Visual Studio 2010 Professional | .NET Framework 4.0 | Windows 7
SERYSOFT.COM :: SysPad - Folder Management Program - Please comment HERE if you find this program useful, have ideas, or know of any bugs.
[Very useful for IT/DP departments where many folders are consistently accessed. Also contains a scratchpad window for quick access to notes.]
[.NET and MySQL Quick Guide]
-
Feb 8th, 2010, 12:47 PM
#2
Addicted Member
Re: RegEx with VB.NET
Have you tried: \d*[0-9]
in place of: [0-9] <-- I think this means 1 digit.
-
Feb 8th, 2010, 12:51 PM
#3
Thread Starter
Fanatic Member
Re: RegEx with VB.NET
Yeah, I think you're right. But that didn't work.

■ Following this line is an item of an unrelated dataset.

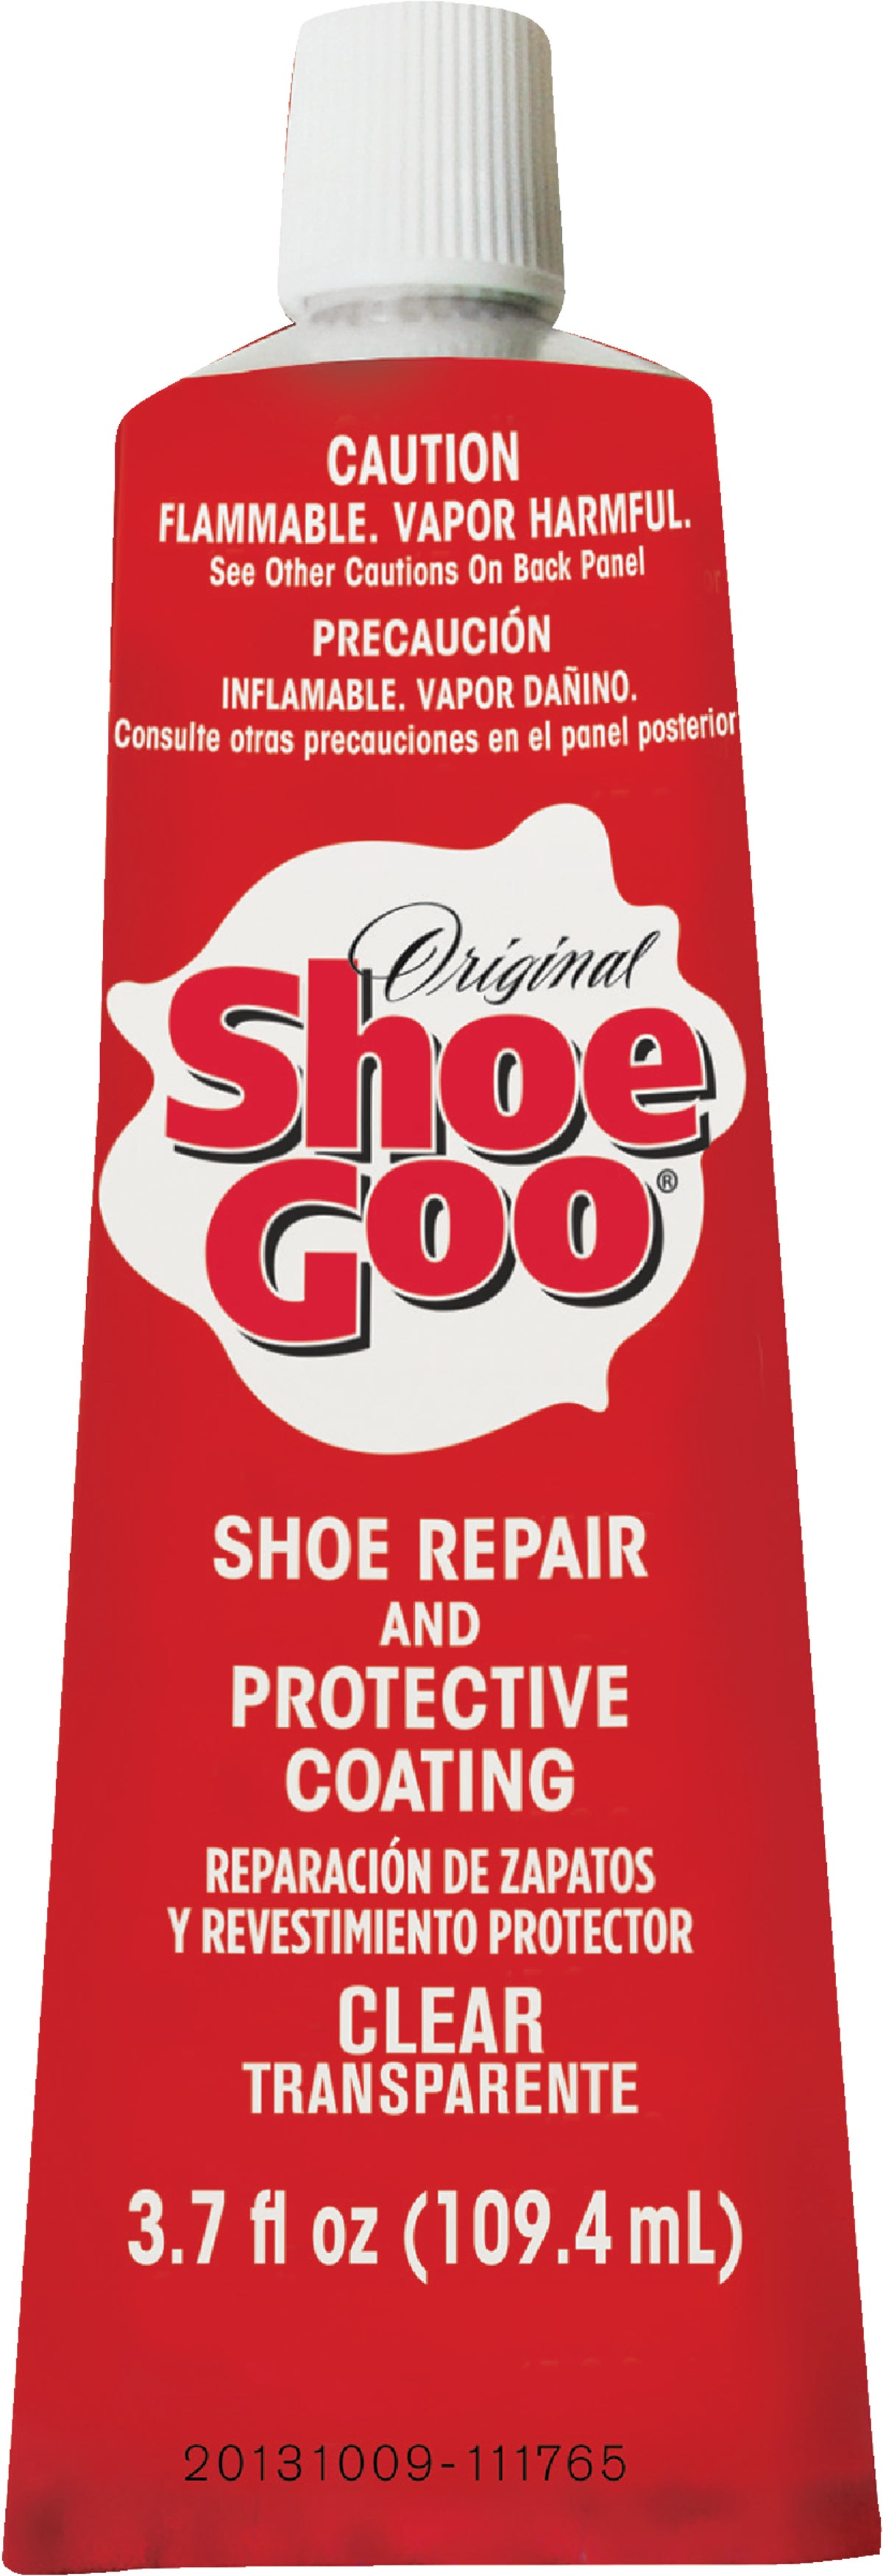 Shoe Goo – Walkabout Harnesses, LLC

I also put \d*[0-9] in parentheses and it still didn't work.
Of course, maybe the [^</a>] part is wrong?
Visual Studio 2010 Professional | .NET Framework 4.0 | Windows 7
SERYSOFT.COM :: SysPad - Folder Management Program - Please comment HERE if you find this program useful, have ideas, or know of any bugs.
[Very useful for IT/DP departments where many folders are consistently accessed. Also contains a scratchpad window for quick access to notes.]
[.NET and MySQL Quick Guide]
-
Feb 8th, 2010, 12:53 PM
#4
Addicted Member
Re: RegEx with VB.NET
There might also be some other characters that need to be escaped.
Good idea to try it on its own to just check the number without the rest of the string.
-
Feb 8th, 2010, 01:00 PM
#5
Thread Starter
Fanatic Member
Re: RegEx with VB.NET
OK, so the number is working properly as \d*[0-9]
I also went ahead and tried: <a href='series.php\?ID=\d*[0-9]
and that worked as well. It is the last part of the expression that isn't working.
Shouldn't that be correct though? It's telling it everything after that first portion can be anything but "</a>" then to make sure there is a literal "</a>" at the end of the string.
Visual Studio 2010 Professional | .NET Framework 4.0 | Windows 7
SERYSOFT.COM :: SysPad - Folder Management Program - Please comment HERE if you find this program useful, have ideas, or know of any bugs.
[Very useful for IT/DP departments where many folders are consistently accessed. Also contains a scratchpad window for quick access to notes.]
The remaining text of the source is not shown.